Ammette che sopravvivere senza un orto e una casa è impossibile.

Zia Galya ci dice che lei e gli altri abitanti del villaggio cercano di vedersi regolarmente e di festeggiare le festività insieme.

Foto scattata da Dmitry Stateynov per OC Media e utilizzata dietro sua autorizzazione.

“In questo edificio vivono insieme a me una donna novantenne e una giovane famiglia. Ci facciamo visita per le feste, ma non è sempre possibile perché ognuno ha le sue cose da fare”.

Mentre parliamo, si affaccia al balcone una vicina più giovane.

“Natasha”, la chiama zia Gayla. “Dicono che possiamo piantare le zucchine. Ho già preparato il terreno. Non so cosa succederà in futuro, ma pianteremo le zucchine”.

“Le persone si abituano a tutto”

Natasha, la persona con cui Gayla sta chiaccherando, vive nell'edificio con il marito e cinque figli da qualche tempo. Natasha aveva 11 anni quando è scoppiata la guerra. Non c'è un giorno in cui non ricordi com'era la vita del villaggio prima della guerra.

Nonostante abbia dei parenti che vivono nella Russia centrale, in Ossezia e in Georgia—il paese da cui l'Abcasia si è separata—non è ancora riuscita a lasciare il paese.
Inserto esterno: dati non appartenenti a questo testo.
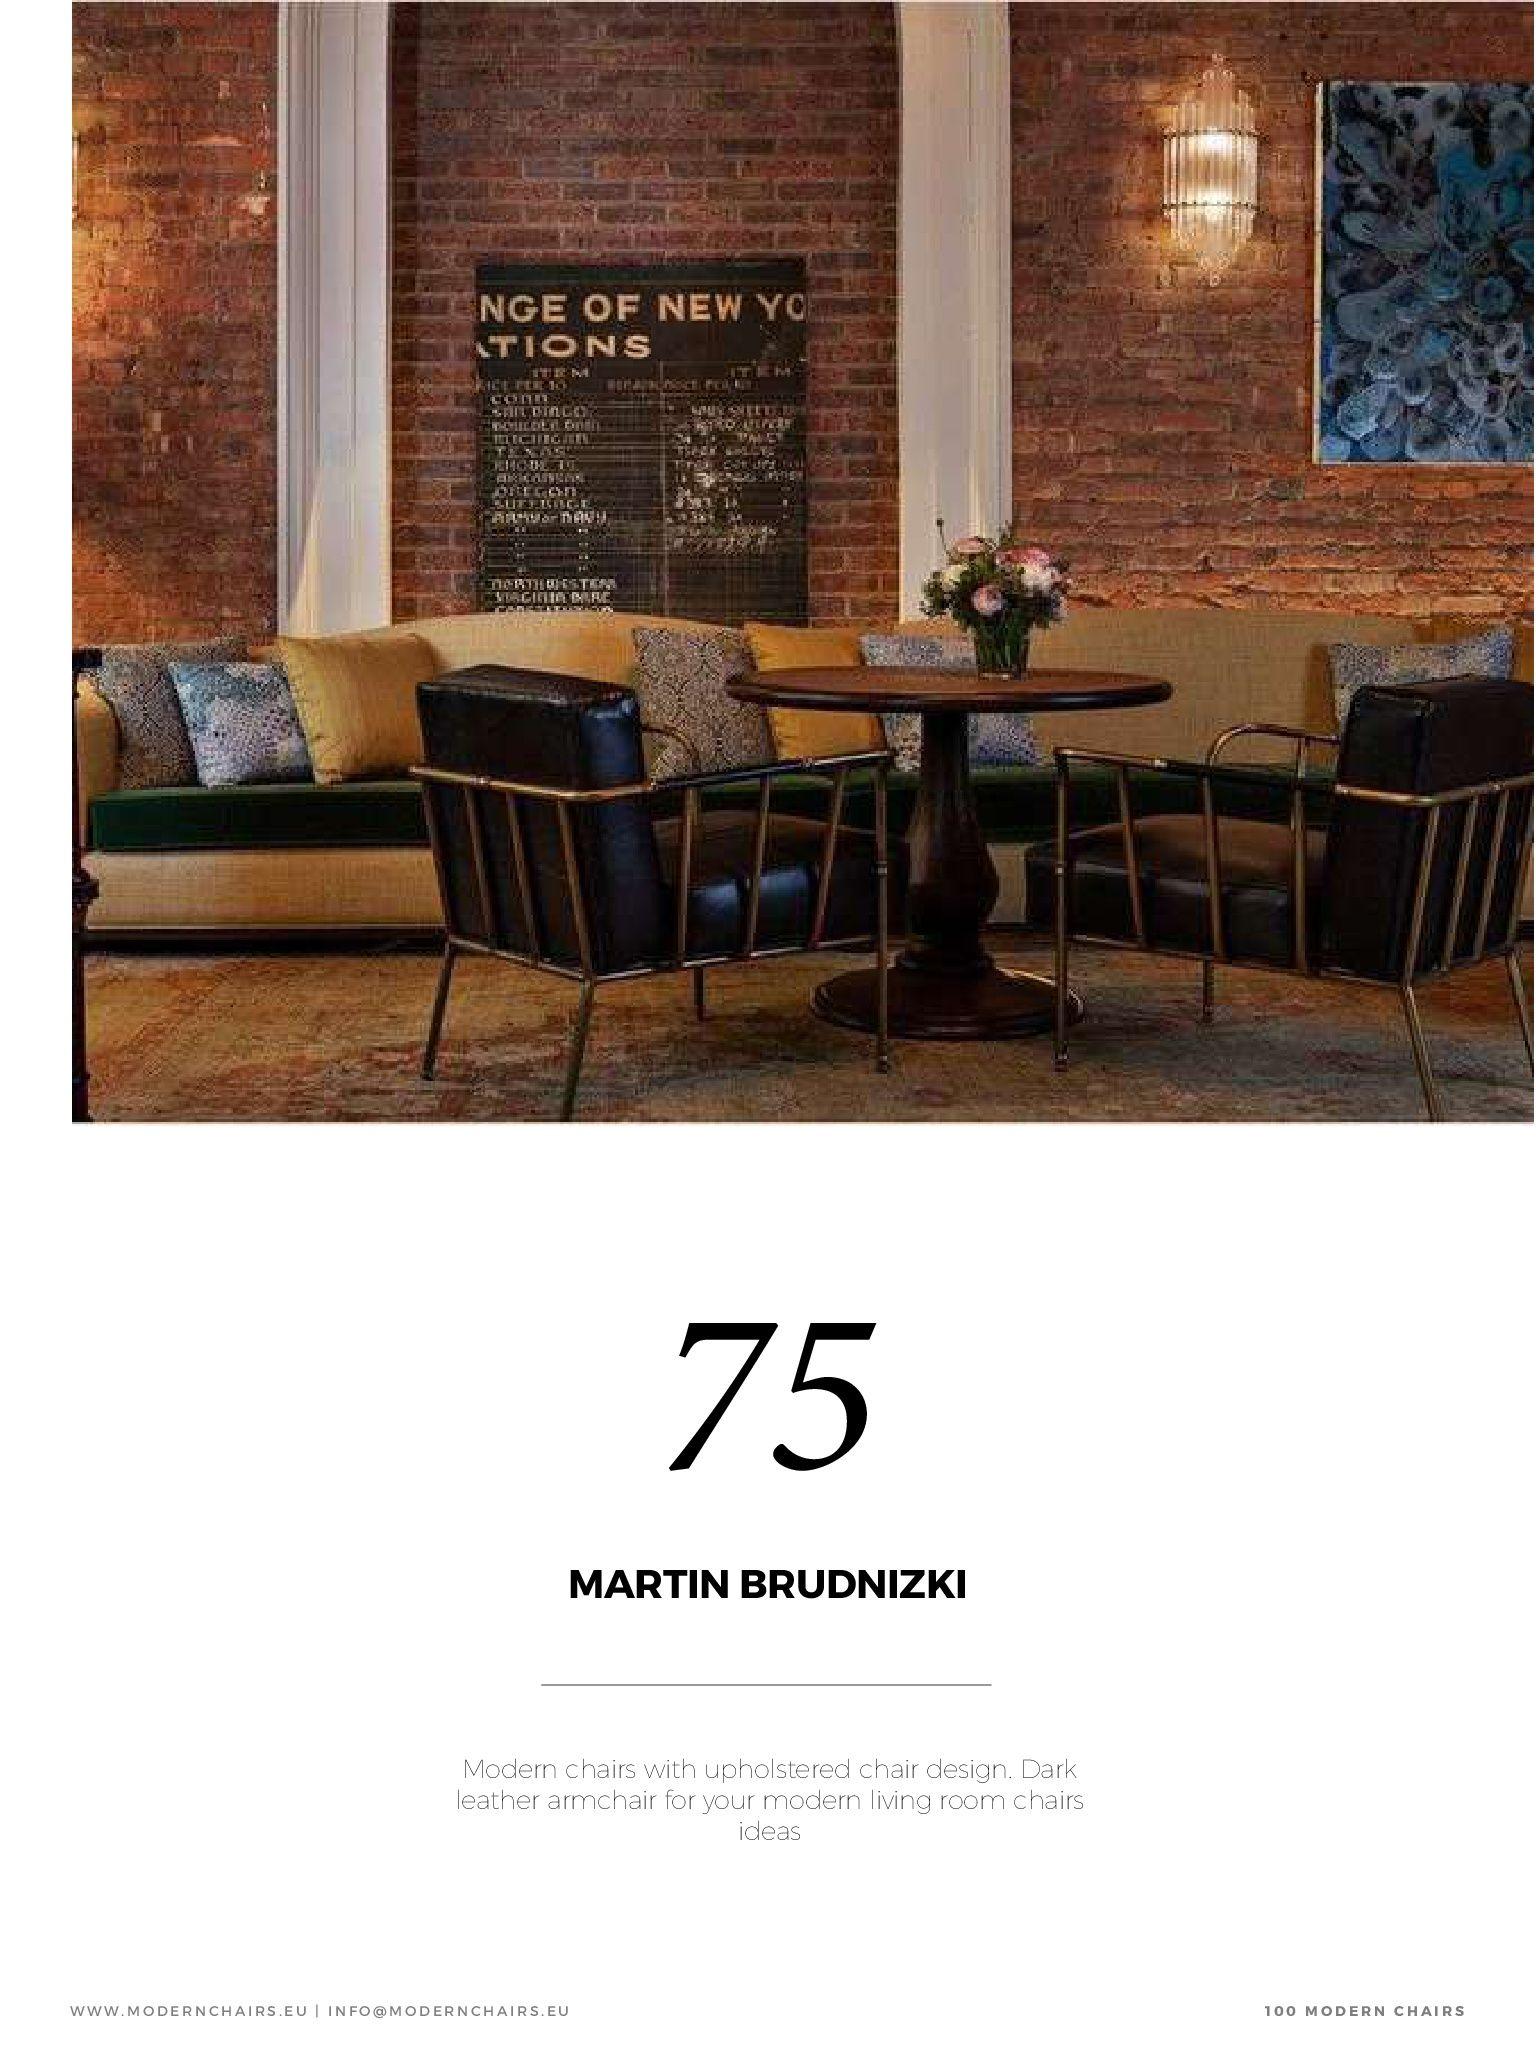 Sedie moderne Blog presenta 100 idee di sedie moderne. Qui troverete sedie imbottite, sedie in pelle e sedie da pranzo in pelle, sedie da soggiorno, poltrone girevoli e sedie da ufficio.

Foto scattata da Dmitry Stateynov per OC Media e utilizzata dietro sua autorizzazione.

“Di recente abbiamo acquistato del terreno a Sukhumi (la capitale amministrativa dell'Abcasia). Vorremmo costruirci una casa, ma ci vorrà del tempo”, ci dice in tono triste.

Natasha riceve un assegno familiare pari a circa 9 dollari per ciascun bambino. Suo marito lavora nella miniera di carbone. La giovane famiglia ha la sua fattoria. Vicino all'asilo che frequentava da bambina, oggi allevano maiali, mucche, galli e galline.

Ci racconta che quando gli abitanti hanno iniziato ad andarsene dopo la guerra era inizialmente spaventata, ma poi la paura è svanita con il tempo.

Foto scattata da Dmitry Stateynov per OC Media e utilizzata dietro sua autorizzazione.

“Non abbiamo più paura delle strade buie e deserte. Le persone si abituano a tutto. Molti pensano che questi edifici siano andati distrutti durante la guerra. Infatti ci sono ancora molti saccheggi. Dopo la guerra non c'era più lavoro e tutti cercavano di cavarsela come meglio potevano. Non c'è un giorno in cui non mi ricordi di come era prima il villaggio e della guerra”.

Mentre stiamo per concludere la conversazione, ci passa davanti un ragazzino. Corre verso la finestra di un edifico diroccato e si nasconde. Una palla vola fuori dalla finestra e un altro ragazzo la rincorre. Gli tira un calcio e la palla rotola lungo il pendio.

Adesso c'è un gruppo di ragazzini che corre dietro alla palla urlando. Mentre corrono, alcuni di loro afferrano delle pietre e le lanciano contro gli edifici dilapidati. Queste rovine sono parte della loro infanzia che è spensierata come quella di qualunque altro bambino. Non conoscono niente di diverso.

Tutti i nomi di luoghi e i termini utilizzati in questo articolo sono le parole dell'autore e non riflettono necessariamente il punto di vista della redazione di OC Media.